▸ **Collected data**
━━━━━━━━━━━━━━━━━━━━━━━━━━━━━━

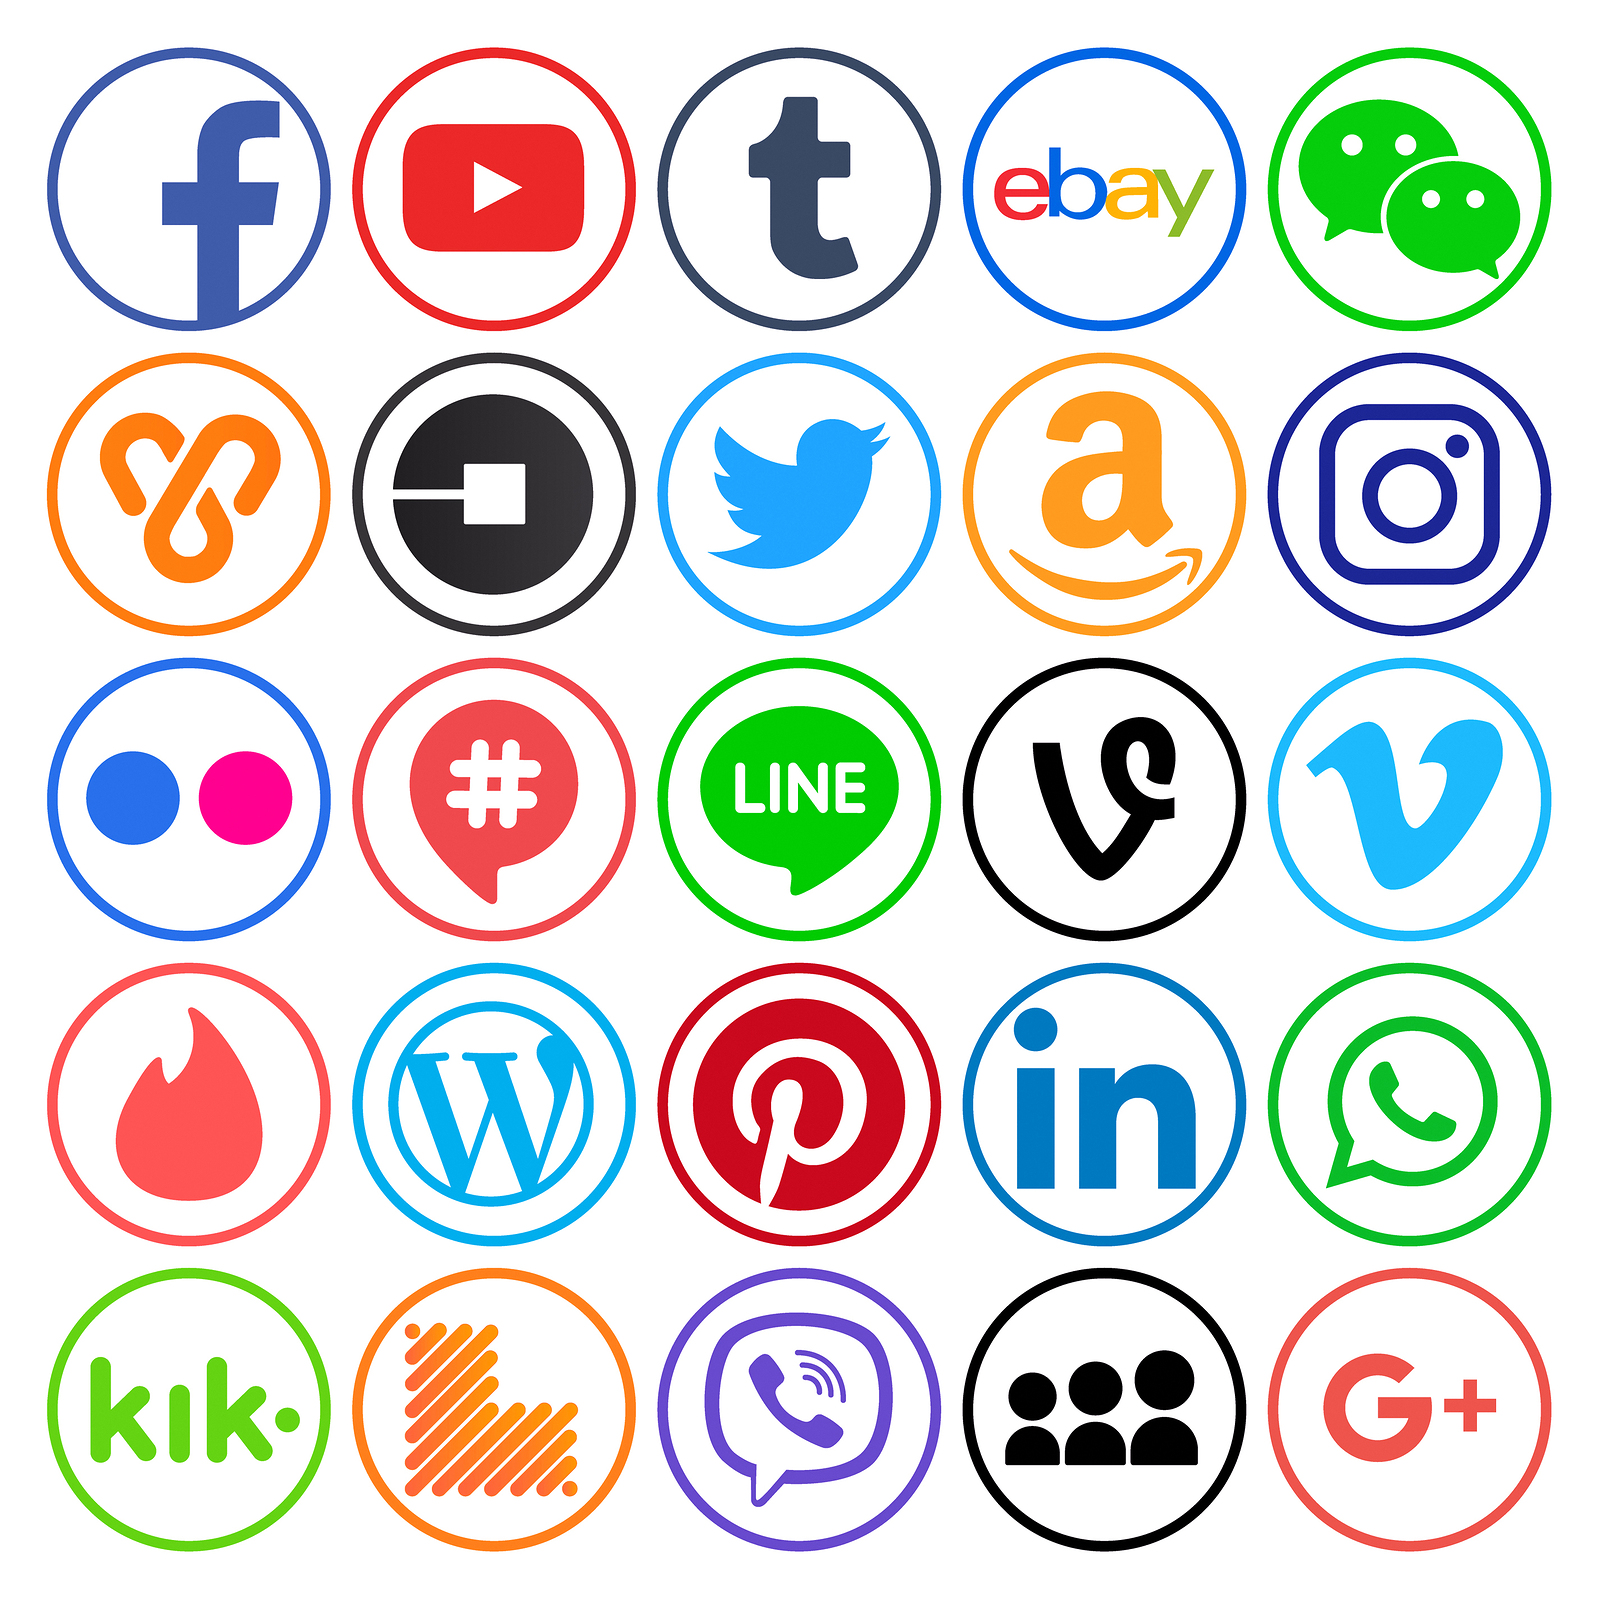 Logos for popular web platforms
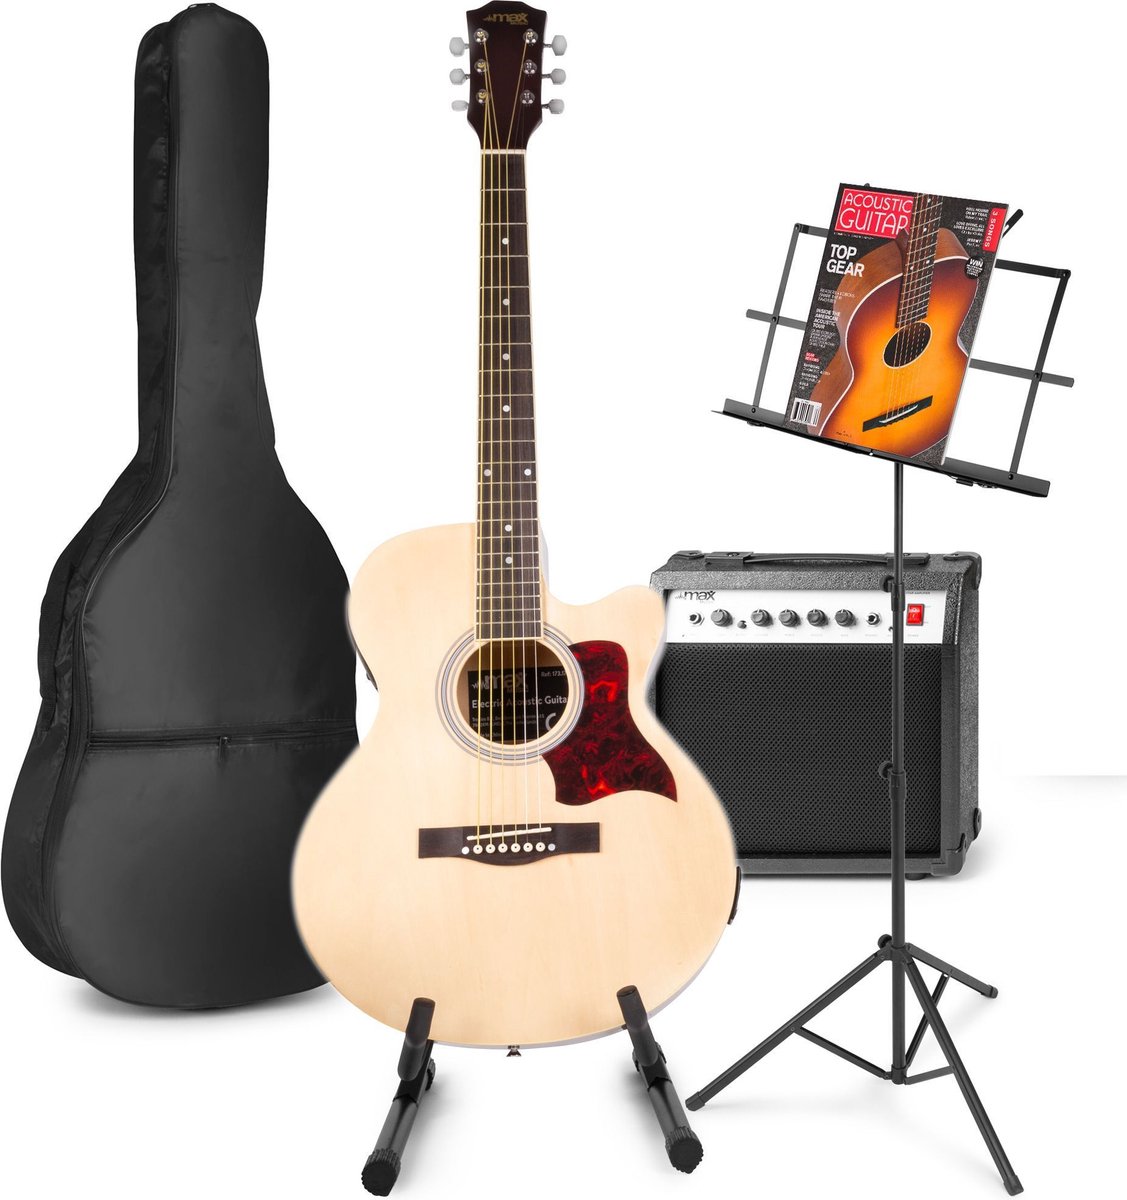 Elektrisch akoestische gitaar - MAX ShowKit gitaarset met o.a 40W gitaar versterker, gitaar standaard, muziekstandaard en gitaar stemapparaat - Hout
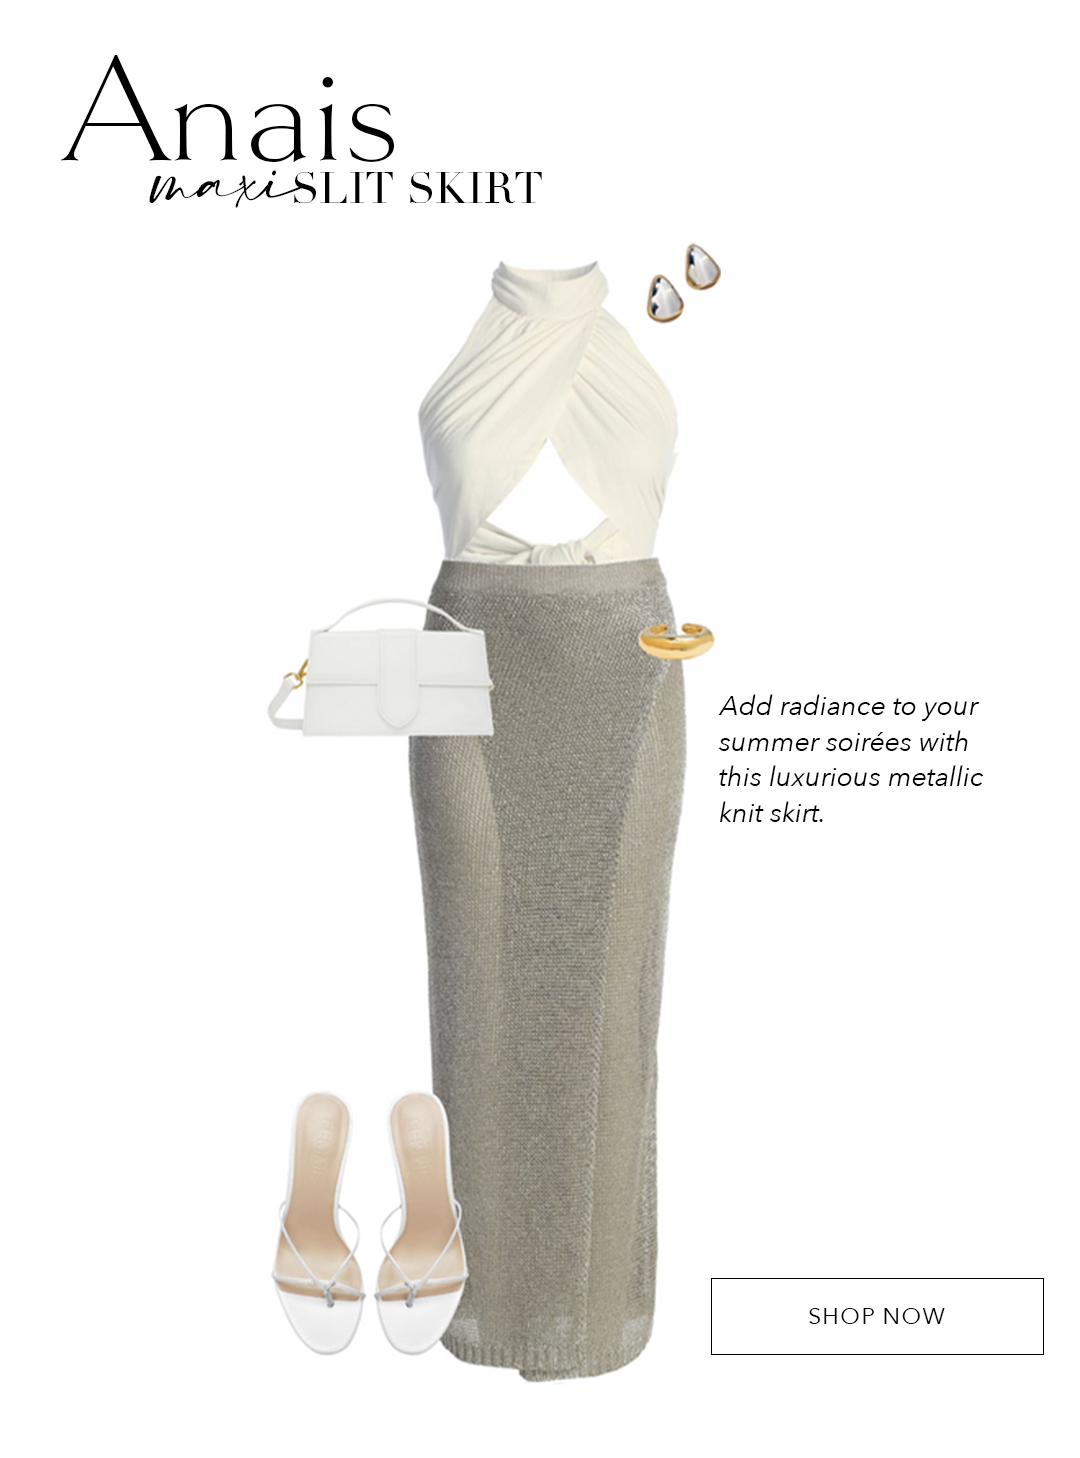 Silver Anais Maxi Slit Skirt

━━━━━━━━━━━━━━━━━━━━━━━━━━━━━━

▸ **Your instructions**
Give the data again word for word, without pictures.

▸ **Written reply**
 Logos for popular web platforms
 Elektrisch akoestische gitaar - MAX ShowKit gitaarset met o.a 40W gitaar versterker, gitaar standaard, muziekstandaard en gitaar stemapparaat - Hout
 Silver Anais Maxi Slit Skirt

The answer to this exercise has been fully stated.